_Collected data_:
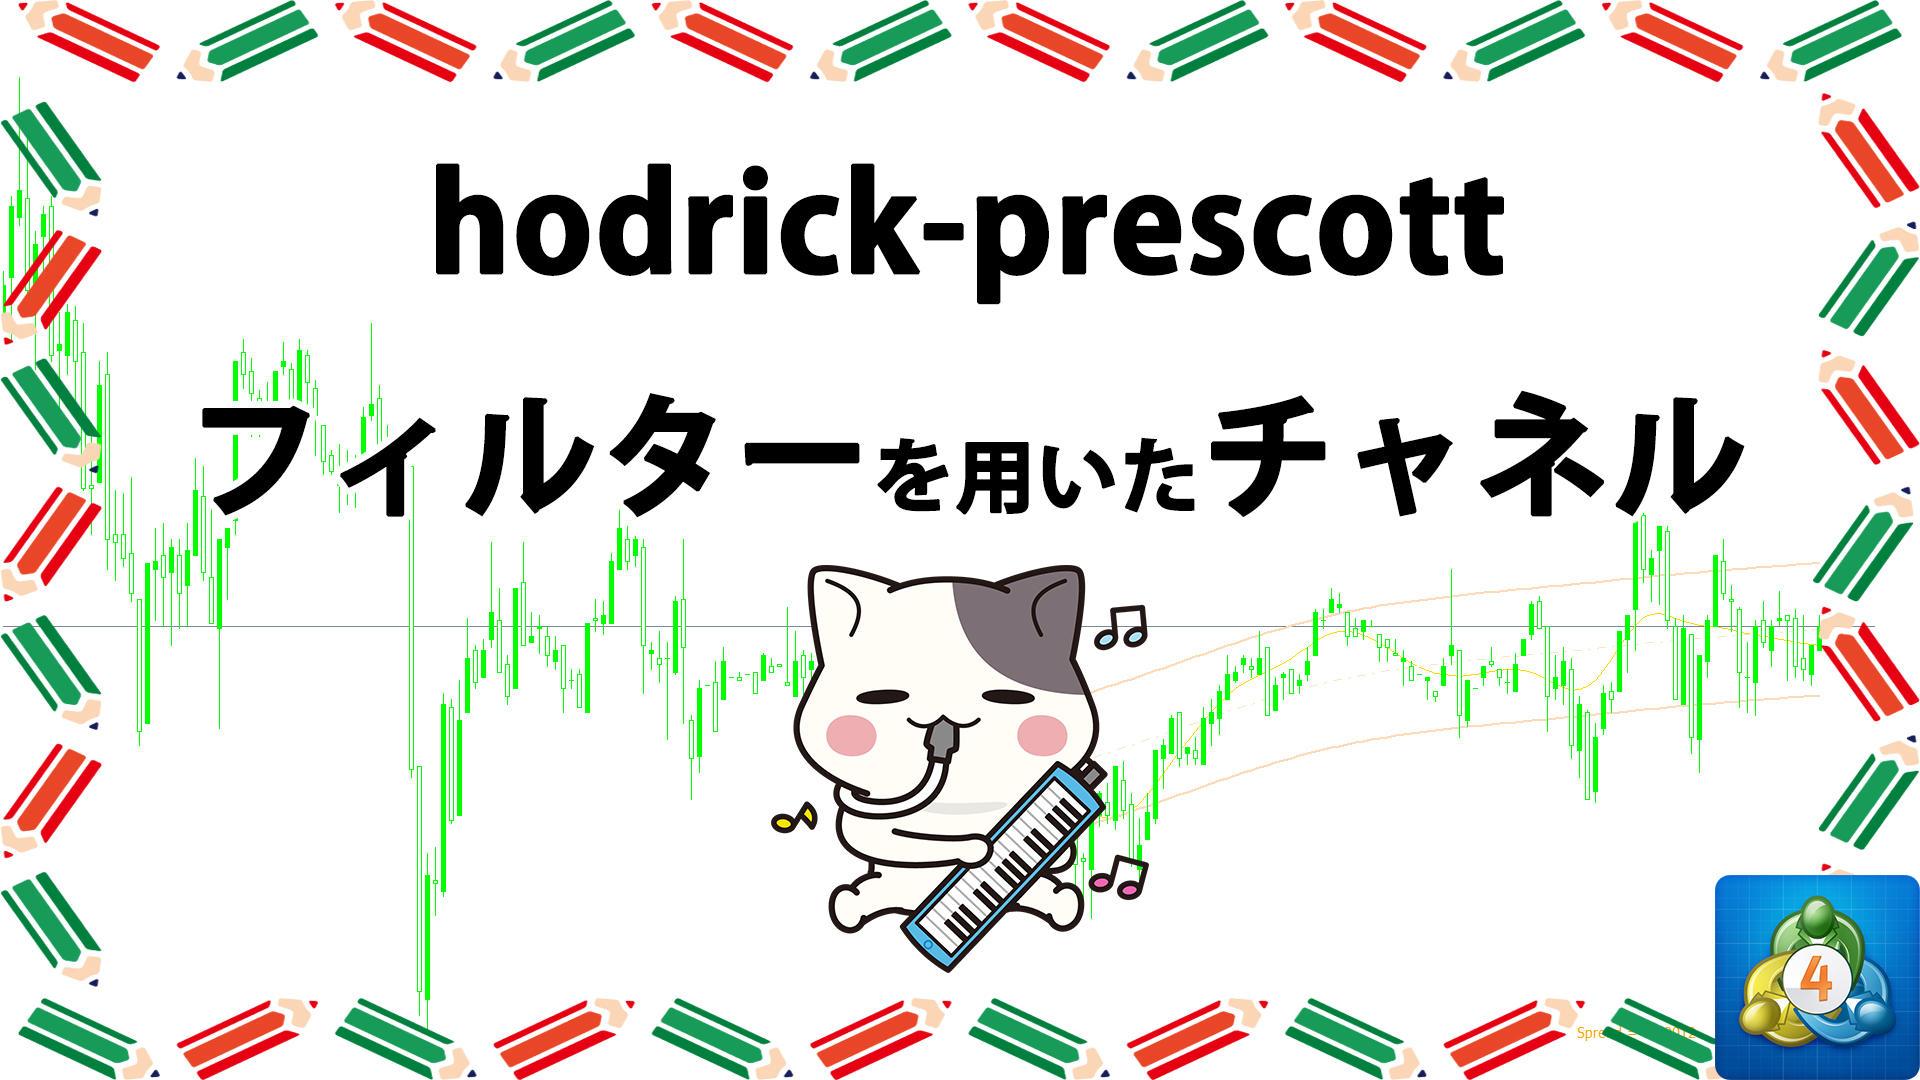 hodrick-prescott_filterを用いたチャネルを表示するMT4インジケーター「vhpchannel_03」
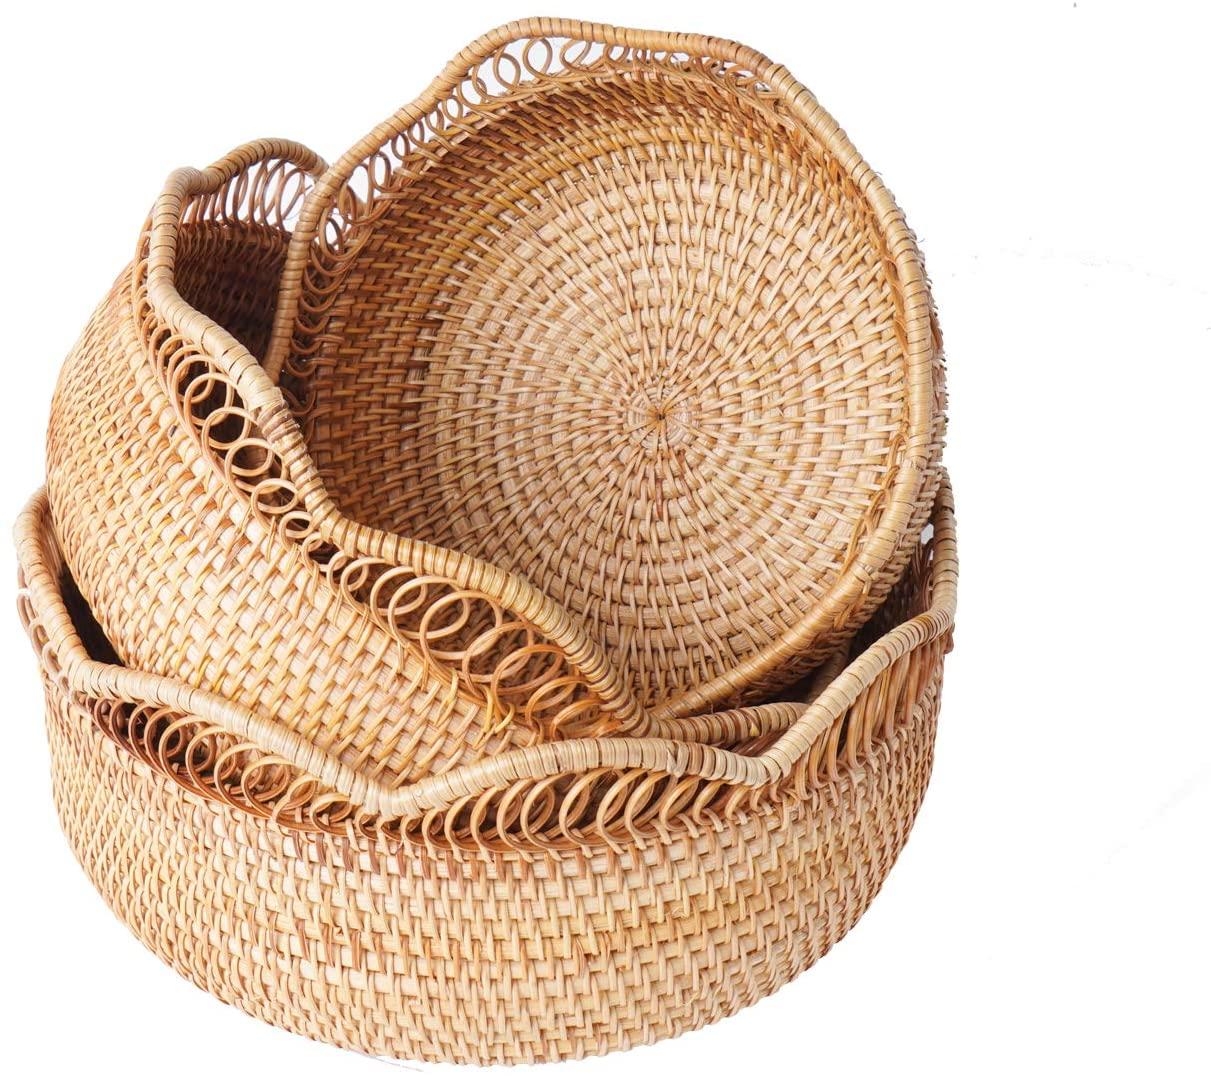 Natural Bamboo Round Rattan Wicker Baskets for Storage, Fruit Basket, Bread Baskets for Serving, Kitchen - Snack Gift Basket (S2)
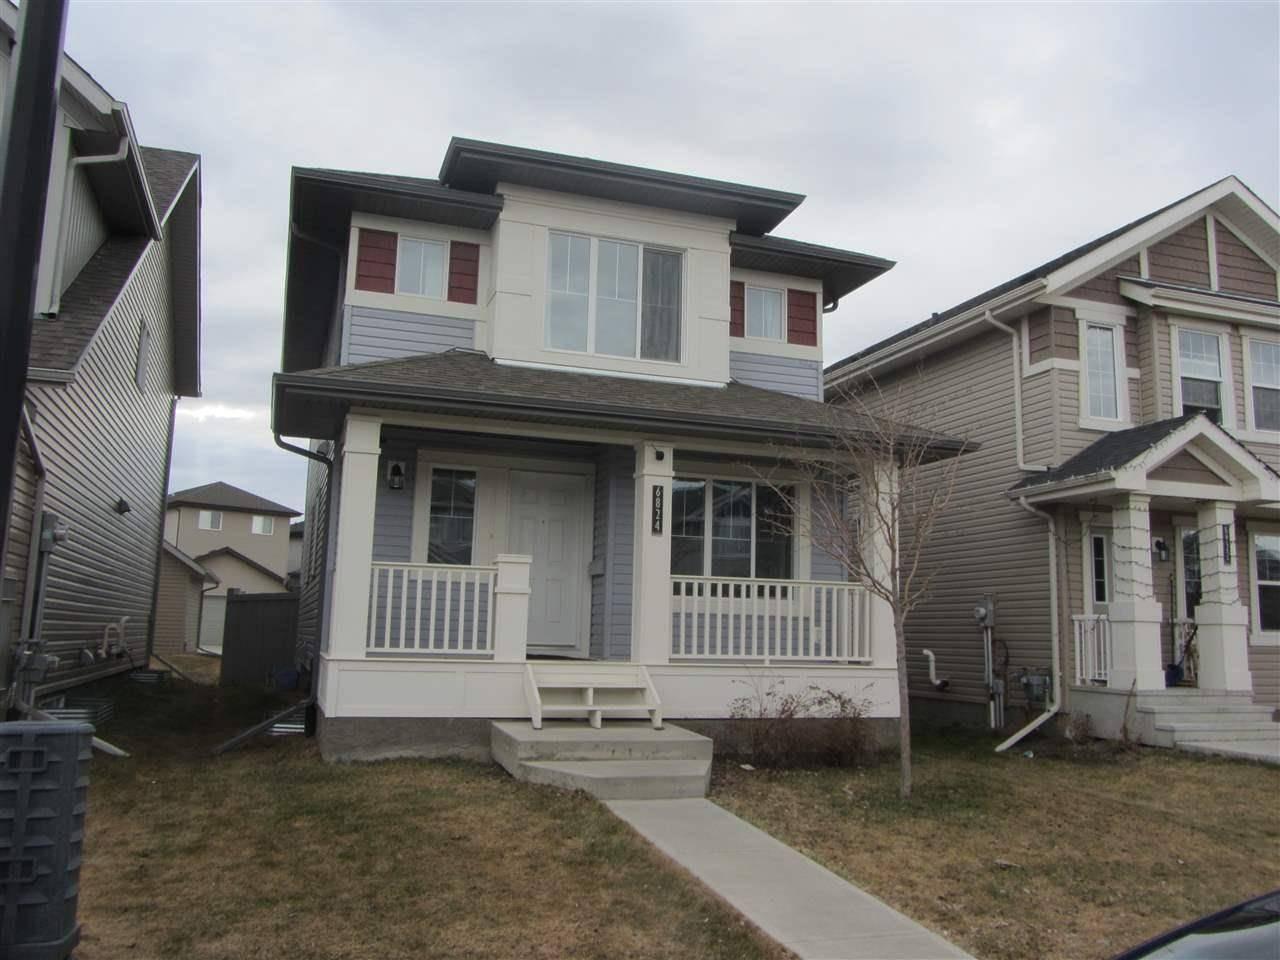 House for sale at 6824 Cardinal Li Sw Edmonton Alberta - MLS: E4192464

_Instructions to follow_: Repeat the data exactly as written, but without the pictures.

_The completed task_:
 hodrick-prescott_filterを用いたチャネルを表示するMT4インジケーター「vhpchannel_03」
 Natural Bamboo Round Rattan Wicker Baskets for Storage, Fruit Basket, Bread Baskets for Serving, Kitchen - Snack Gift Basket (S2)
 House for sale at 6824 Cardinal Li Sw Edmonton Alberta - MLS: E4192464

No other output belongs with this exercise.